With a single persona working, we can now run the same agent against multiple user types simultaneously. Each persona exercises a different interaction style, and running them concurrently with asyncio.gather means you get results for all three in roughly the time it takes to complete one.

Run the same agent against multiple user types to surface persona-specific failures.

import asyncio
personas = [
(
"impatient",
"You are impatient. Keep messages short. Escalate quickly if not helped.",
),
(
"detailed",
"You are thorough. Ask many follow-up questions before accepting any solution.",
),
(
"confused",
"You are unsure what you need. Describe symptoms, not the actual problem.",
),
]
async def run_persona(name, instructions):
sim = UserSimulator(persona=instructions, max_steps=6)
scenario = Scenario(name).interact(
inputs=sim,
outputs=lambda inputs: support_agent(inputs),
)
return name, await scenario.run()
results = asyncio.run(asyncio.gather(*[run_persona(n, i) for n, i in personas]))
for name, result in results:
print(f"{name}: {'PASSED' if result.passed else 'FAILED'}")

Output

impatient: PASSED detailed: PASSED confused: PASSED

By default the trace prints interactions as raw inputs and outputs. You can write a simple formatting function to produce a human-readable transcript — for example, to log a simulated conversation or include it in a test failure message. For a subclass of Trace, Rich rendering, and how that interacts with print_report(), see Custom trace types.
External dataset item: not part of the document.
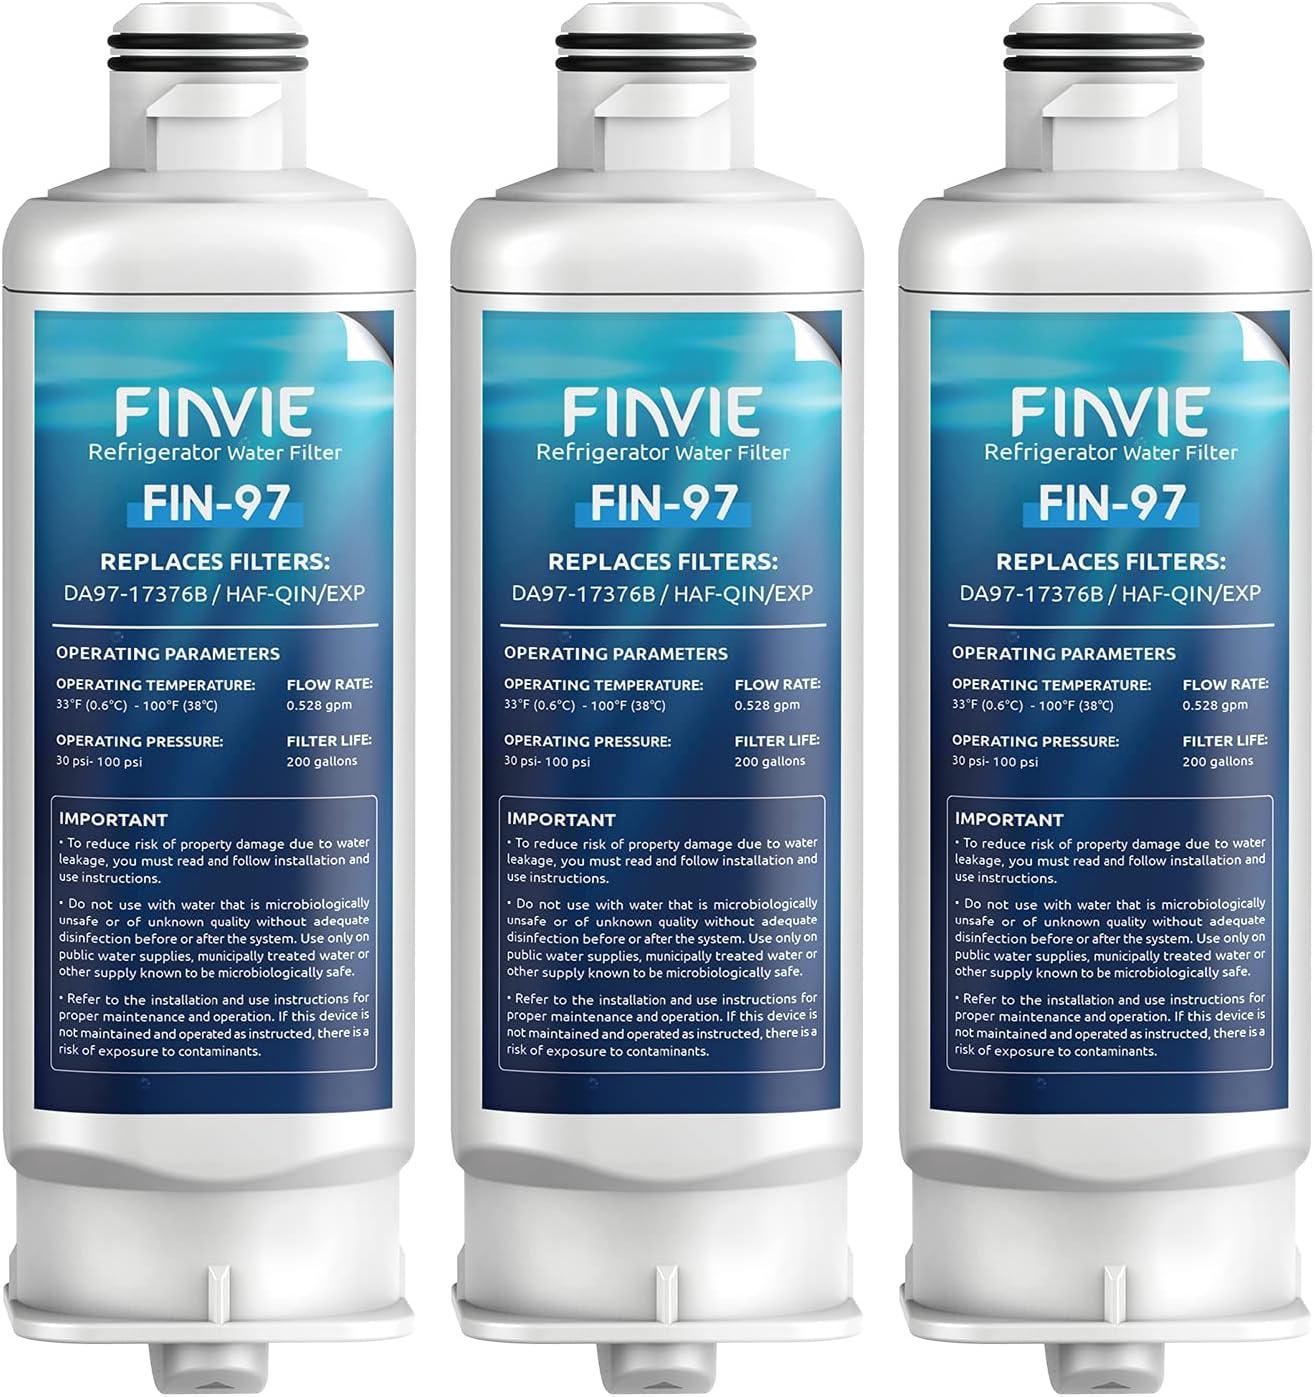 FINVIE DA97-17376B Refrigerator Water Sam for Replacement free Filter Genuine

def format_transcript(trace) -> str:
"""Format a trace as a human-readable chat transcript."""
lines = []
for turn in trace.interactions:
lines.append(f"User: {turn.inputs}")
lines.append(f"Agent: {turn.outputs}")
return "\n".join(lines)
result = await (
Scenario("chat_trace_demo")
.interact(
inputs=customer,
outputs=lambda inputs: support_agent(inputs),
)
.run()
)
print(format_transcript(result.final_trace))

Output

User: Hello, I’d like to check on the status of my order #98765. It seems to be delayed. Could you please provide an update? Agent: I have located your order #98765. It is currently in transit and will arrive tomorrow. Is there anything else I can help you with? User: Thank you for the update. Can you please confirm the expected delivery date for my order? My name is Alex. Agent: I have located your order #98765. It is currently in transit and will arrive tomorrow. Is there anything else I can help you with? User: Could you please confirm if my order #98765 has been shipped and provide the estimated delivery date? Agent: I have located your order #98765. It is currently in transit and will arrive tomorrow. Is there anything else I can help you with? User: Thank you for the confirmation. Could you please tell me if my order has been shipped already? Agent: I have located your order #98765. It is currently in transit and will arrive tomorrow. Is there anything else I can help you with? User: Thank you for the information. Could you please confirm if my order has been shipped already or if there’s any further update? Agent: I have located your order #98765. It is currently in transit and will arrive tomorrow. Is there anything else I can help you with? User: Thanks for your help. Can you please confirm if my order has already been shipped and provide the expected delivery date? Agent: I have located your order #98765. It is currently in transit and will arrive tomorrow. Is there anything else I can help you with? User: Thank you for confirming. Could you please tell me if my order has been shipped already? Agent: I have located your order #98765. It is currently in transit and will arrive tomorrow. Is there anything else I can help you with? User: Could you please confirm if my order has already been shipped and provide the estimated delivery date? My name is Alex. Agent: I have located your order #98765. It is currently in transit and will arrive tomorrow. Is there anything else I can help you with?